TD is buying First Horizon for US$11.3 billion in a deal that will expand the business by more than 400 branches located primarily in the southeastern states. TD already has a large presence right down the American east coast from Maine to Florida, so the move makes sense.
TD also just announced an agreement to buy Cowen for US$1.3 billion. The acquisition will help TD accelerate its growth plans for the American market, adding 1,700 new employees. TD’s chief executive officer said, “Cowen is a leading independent dealer with a premier U.S. equities business and a strong, diversified investment bank.”
TD’s share price trades near $82 at the time of writing. That’s down considerably from the 2022 high around $109. All the bank stocks are under pressure, as investors try to figure out if a recession is on the way and how big an impact it might have on revenue and earnings.
At this point, TD stock looks undervalued at 10.2 times trailing 12-month earnings. Investors can pick up a decent 4.3% dividend yield and simply wait for the distribution increases to roll in over the coming years. TD raised the dividend by 13% for fiscal 2022. Another generous increase is likely on the way for 2023.
Long-term TD investors have received good total returns. A $10,000 investment in TD stock 25 years ago would be worth about $175,000 today with the dividends reinvested.
Enbridge
Enbridge (TSX:ENB)(NYSE:ENB) is a leader in the North American energy infrastructure industry. The company’s oil pipelines transport 30% of the oil produced in Canada and the United States. Enbridge also moves 20% of the natural gas used by Americans. In addition, Enbridge has natural gas utilities that provide millions of Canadian homes and businesses with essential fuel. Solar, wind, and geothermal power facilities round out the asset portfolio.
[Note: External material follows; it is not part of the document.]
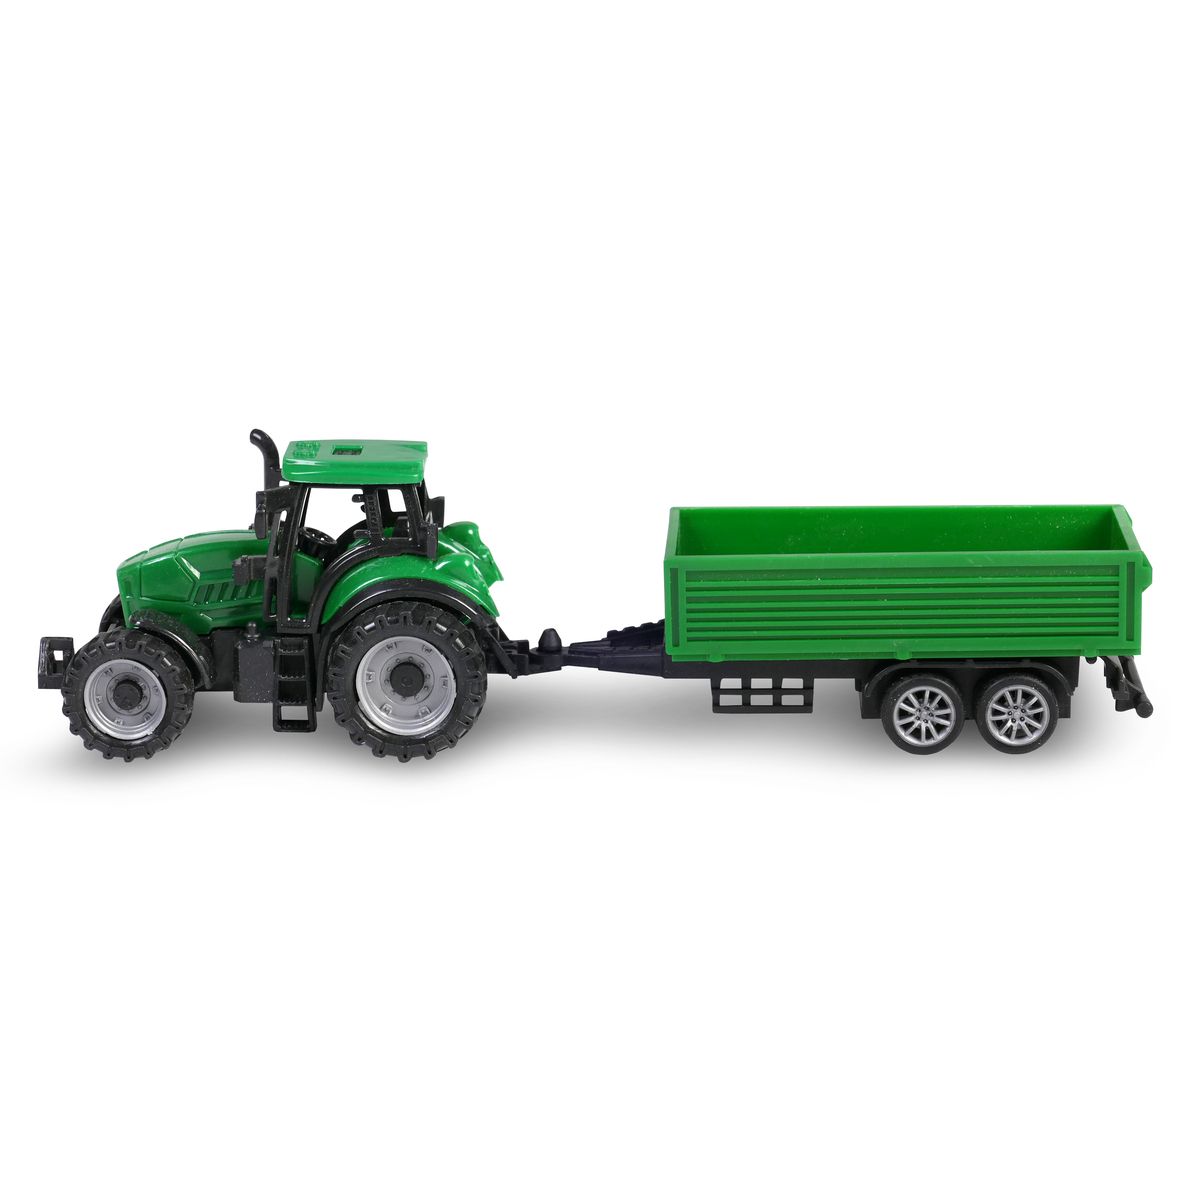 Traktor zestaw farma Artyk (143755)

Looking ahead, Enbridge is investing in assets to meet the growing international demand for North American oil and natural gas. Enbridge purchased an oil export terminal in the United States for US$3 billion late last year. In 2022, the company has already announced plans to build two natural gas pipelines to supply liquified natural gas (LNG) facilities on the U.S. Gulf Coast. In Canada, Enbridge just purchased a 30% stake in the $5.1 billion Woodfibre LNG project to be computed by 2027 in British Columbia.
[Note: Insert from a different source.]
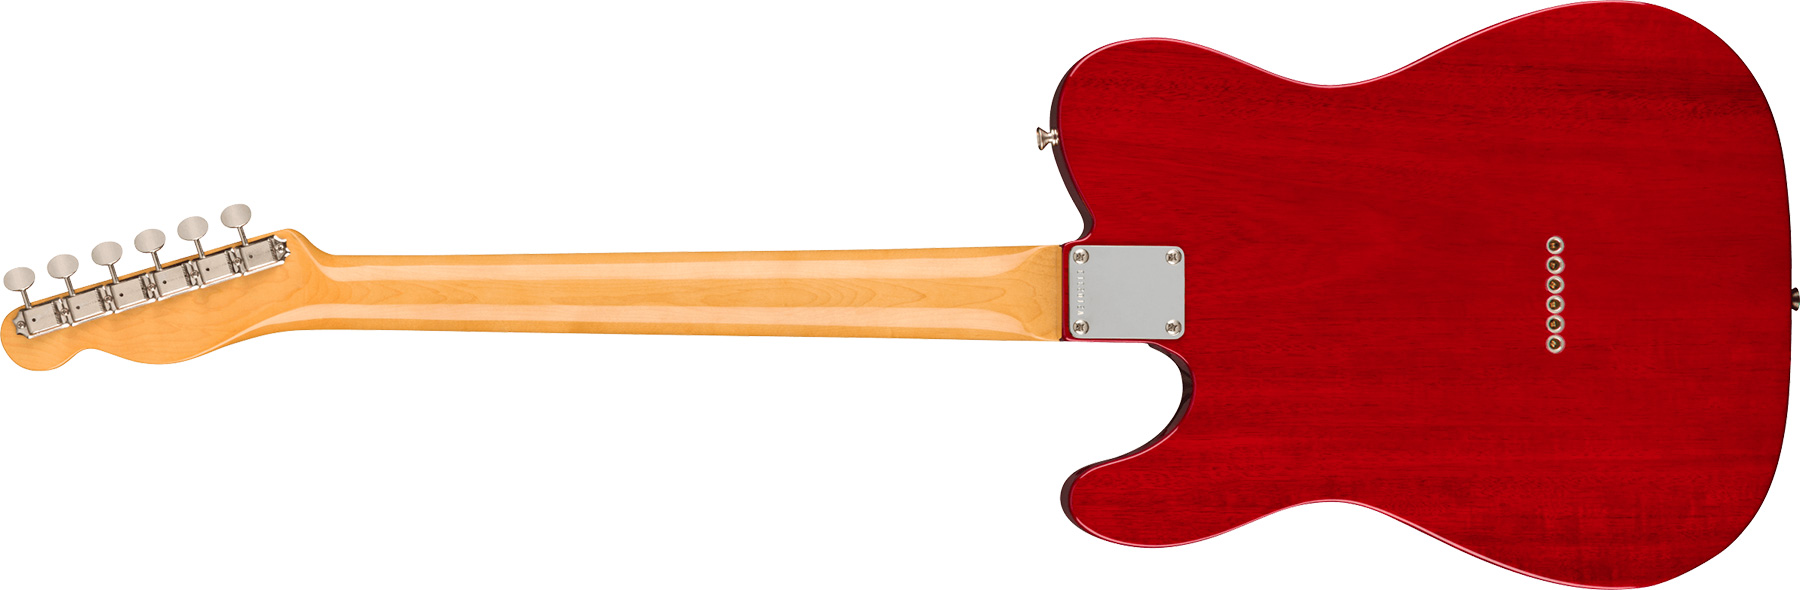 Fender Tele 1963 American Vintage Ii Usa 2s Ht Rw - Crimson Red Transparent - Tel shape electric guitar - Variation 1

Enbridge raised the dividend in each of the past 27 years. Investors should expect to see ongoing annual payout increases in the 3-5% range over the medium term. The stock is down a bit from the 2022 highs and now offers investors an attractive 6% dividend yield.
A $10,000 investment in Enbridge stock 25 years ago would be worth about $230,000 today with the dividends reinvested.
The bottom line on top stocks to buy for total returns
TD and Enbridge are top TSX dividend stocks that look cheap today and offer growing distributions. If you have some cash to put to work in a self-directed RRSP focused on total returns, these stocks deserve to be on your radar.